Febrero en Euskadi: lluvia abundante y calor inusual marcan el mes, con fases de inestabilidad y tranquilidad
Euskadi Clima 11 March, 2026

Febrero en Euskadi: lluvia abundante y calor inusual marcan el mes, con fases de inestabilidad y tranquilidad

Un mes de febrero marcado por un inicio lluvioso y frío seguido de una etapa más estable y cálida. Euskalmet reporta una anomalía térmica positiva y precipitaciones persistentes, con vientos fuertes y varios avisos meteorológicos a lo largo del periodo.

Euskadi cerró #febrero con un perfil meteorológico atípico: un inicio marcado por la lluvia y el paso de borrascas atlánticas, seguido de una recta final más estable y, en general, más seca, impulsada por vientos del sur.

La Agencia Vasca de Meteorología, Euskalmet, dio cuenta de un mes 'muy húmedo y muy cálido', con una anomalía térmica positiva de aproximadamente 2,4 °C respecto al periodo de referencia 1991-2020.

Este balance térmico contrastó con un inicio del mes en el que predominaba un ambiente más frío y, en cotas bajas, se registraron nevadas puntuales.

En lo que respecta a precipitaciones, febrero presentó episodios de lluvia persistente durante la mayor parte del mes, especialmente en el segundo tercio.

Aun así, el balance seco de la última fase no impidió que el mes se situara entre los febreros más lluviosos de lo que llevamos de siglo en la región, sin alcanzar, eso sí, los récords de 2013, 2015 y 2016.

Los acumulados más elevados se concentraron en la vertiente cantábrica, especialmente entre el nordeste de Gipuzkoa, el interior de Bizkaia y Gipuzkoa y la divisoria de aguas.

Valores representativos incluyeron 337,4 mm en Eskas, 264,8 mm en Mallabia, 253,3 mm en Añarbe y 241,6 mm en Zegama, además de otras estaciones con acumulados superiores a los 200 mm (Muxika, Berna, Aixola y Ameraun).

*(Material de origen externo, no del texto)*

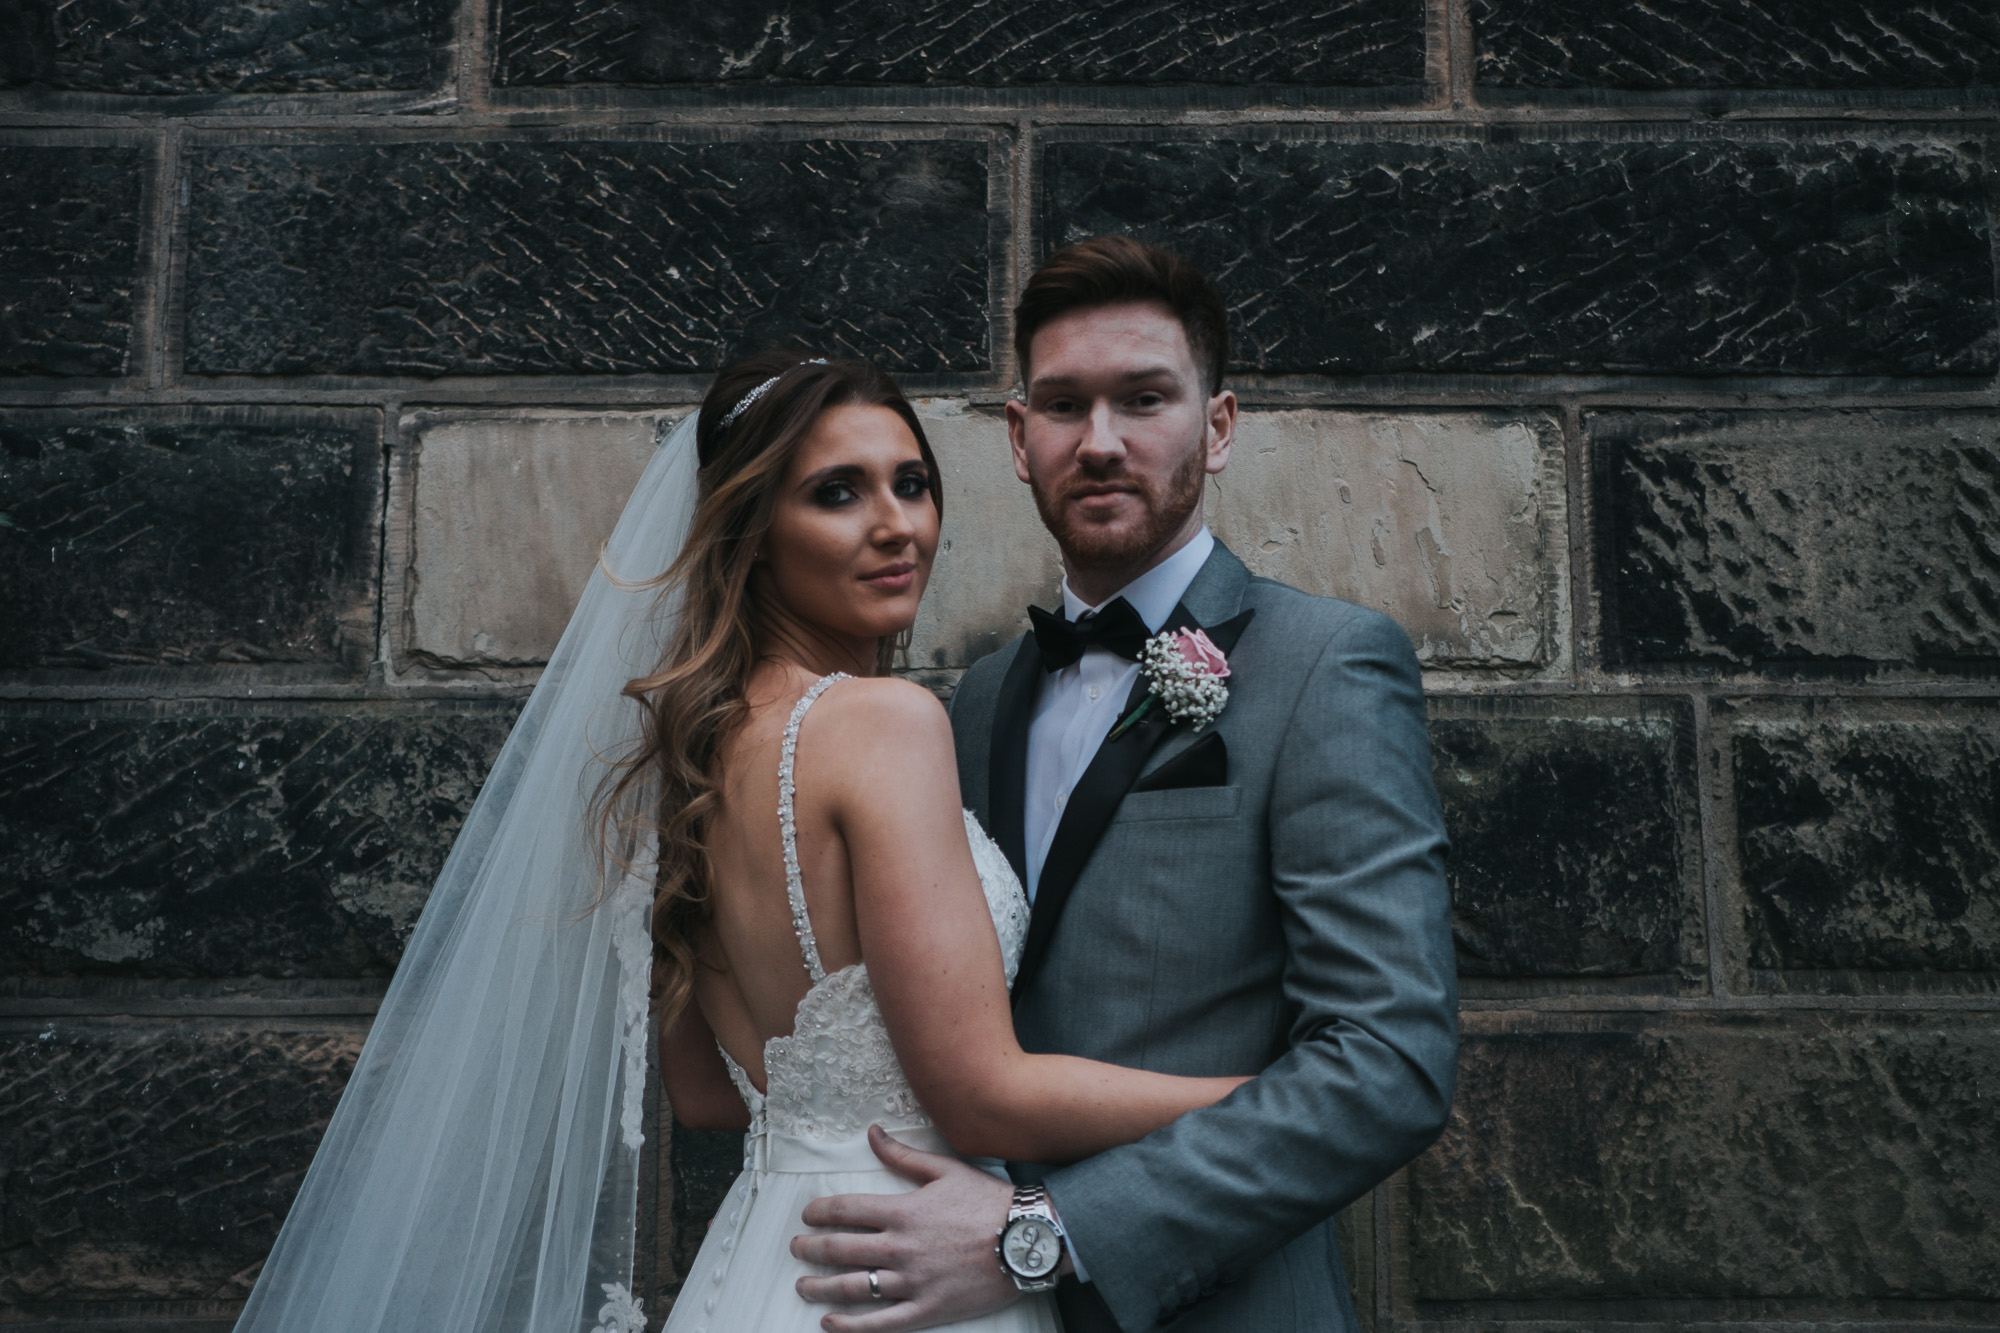 West Tower Exclusive Wedding Venue wedding photography merseyside and lancashire wedding photographer (43 of 60).jpg
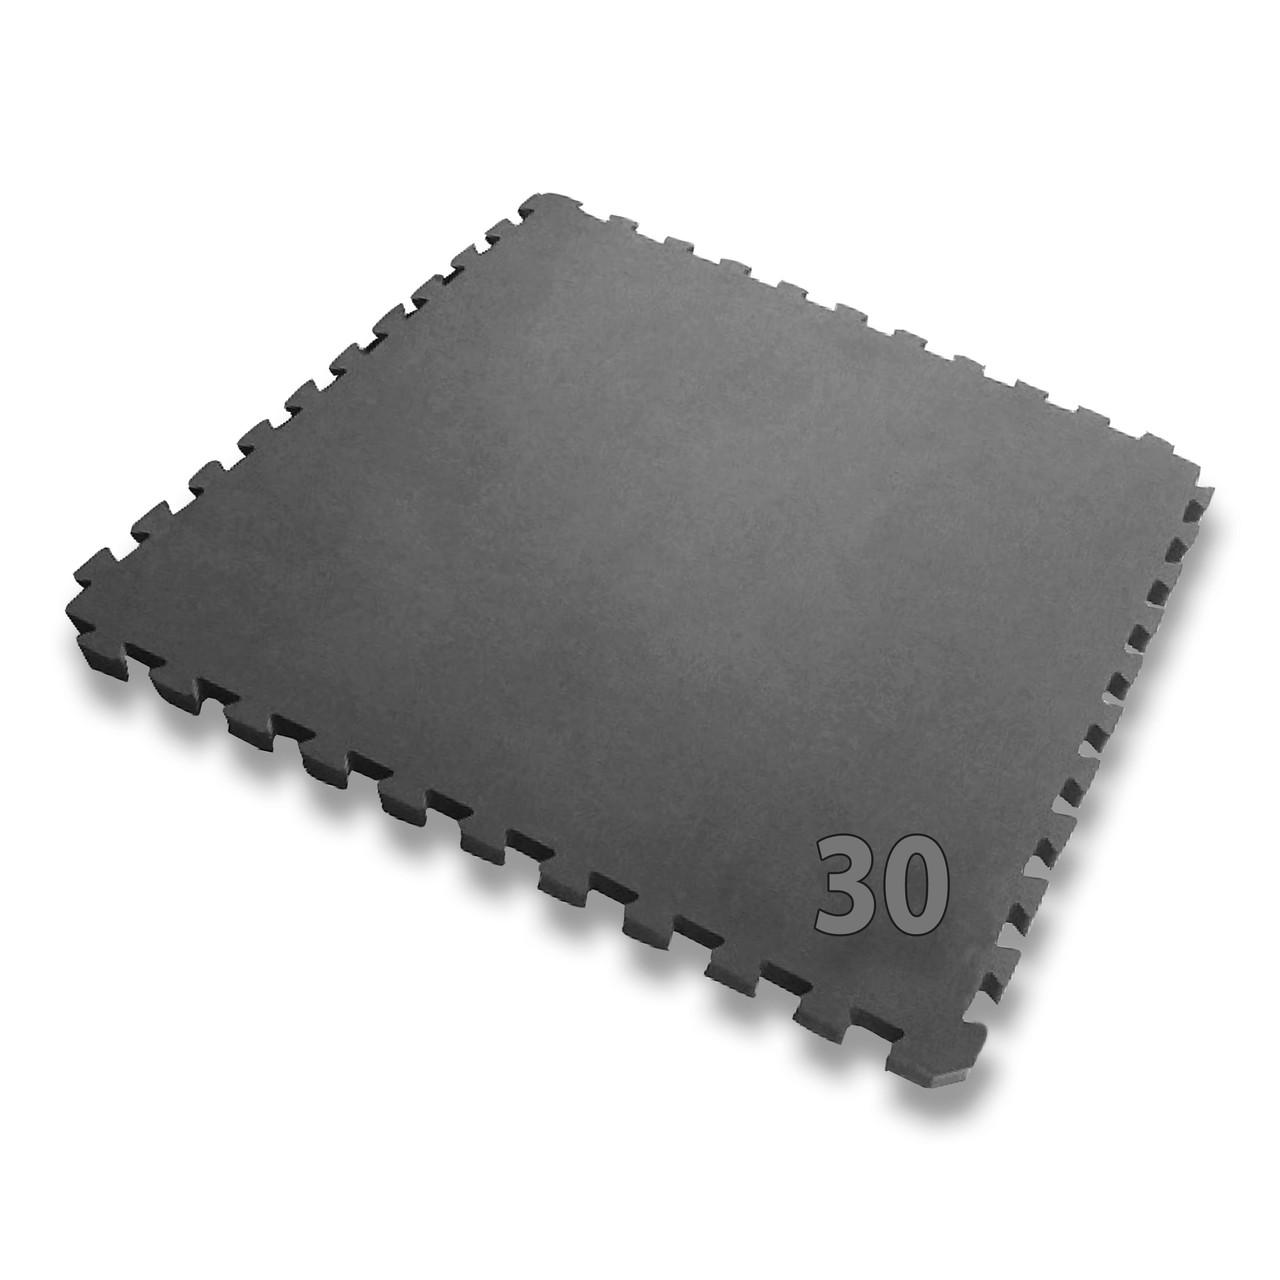 Лист 30 мм ППЭ НХ (Украина), серый

En cuanto a las temperaturas, el mes ha sido claramente cálido en el conjunto del territorio. La anomalía positiva media ha rondado los 2,4 °C, con valores cercanos a los 12 °C en la costa y 8 °C en la Llanada Alavesa. Estos valores se elevaron especialmente durante la última parte del mes, cuando el predominio del viento del sur favoreció temperaturas máximas elevadas para la época, sobre todo en la vertiente cantábrica.

Todo ello contrasta con un inicio más invernal, con ambiente más frío y algunas nevadas en cotas relativamente bajas.

El viento también ha tenido cierto protagonismo durante el mes, con varios episodios asociados al paso de borrascas atlánticas. En general ha predominado el flujo desde el suroeste y el sur, que en algunos momentos ha soplado con rachas fuertes, especialmente en zonas expuestas de montaña y del litoral.

Del día 11 al 13 se registraron rachas huracanadas con vientos de 149,6 km/h en Matxitxako (la racha más intensa del mes), 138,6 km/h en Cerroja y 130,5 km/h en Urkiola.

En lo que respecta a la #meteorología adversa

En lo que respecta a la meteorología adversa, durante el mes se emitieron 33 avisos amarillos, de los cuales 17 estuvieron relacionados con la mar (8 por mal estado de la mar para navegación, 8 por impacto en costa y 1 por rociones y salpicaduras), 11 con viento (8 en zonas expuestas y 3 en zonas no expuestas), 4 con precipitaciones persistentes y 1 con nevadas.

Asimismo, se activó una alerta naranja por altura de ola para la navegación.

Desde una perspectiva histórica, este patrón de febrero encaja con la dinámica oceánico-atlántica que suele dominar el Cantábrico: rachas de viento intenso, abundantes precipitaciones y periodos de calma relativa.

En el marco del cambio climático, las proyecciones indican mayores escenarios de extremos meteorológicos y cambios en la distribución estacional de temperaturas y lluvias, lo que refuerza la necesidad de una gestión más adaptativa de recursos hídricos, infraestructuras y servicios de emergencia.

En Euskadi, estos registros refuerzan la importancia de la vigilancia constante de Euskalmet y de la preparación de protocolos de alerta para la navegación, la costa y las zonas montañosas.

Mirando hacia marzo, los pronósticos señalan una cierta continuidad de la influencia atlántica, con posibilidades de nuevos cambios entre fases nubladas y periodos de mayor estabilidad.

Aún así, la meteorología puede ser volátil en esta región, por lo que las autoridades recomiendan permanecer atentos a los avisos y seguir las indicaciones de protección civil y servicios de emergencias para minimizar impactos.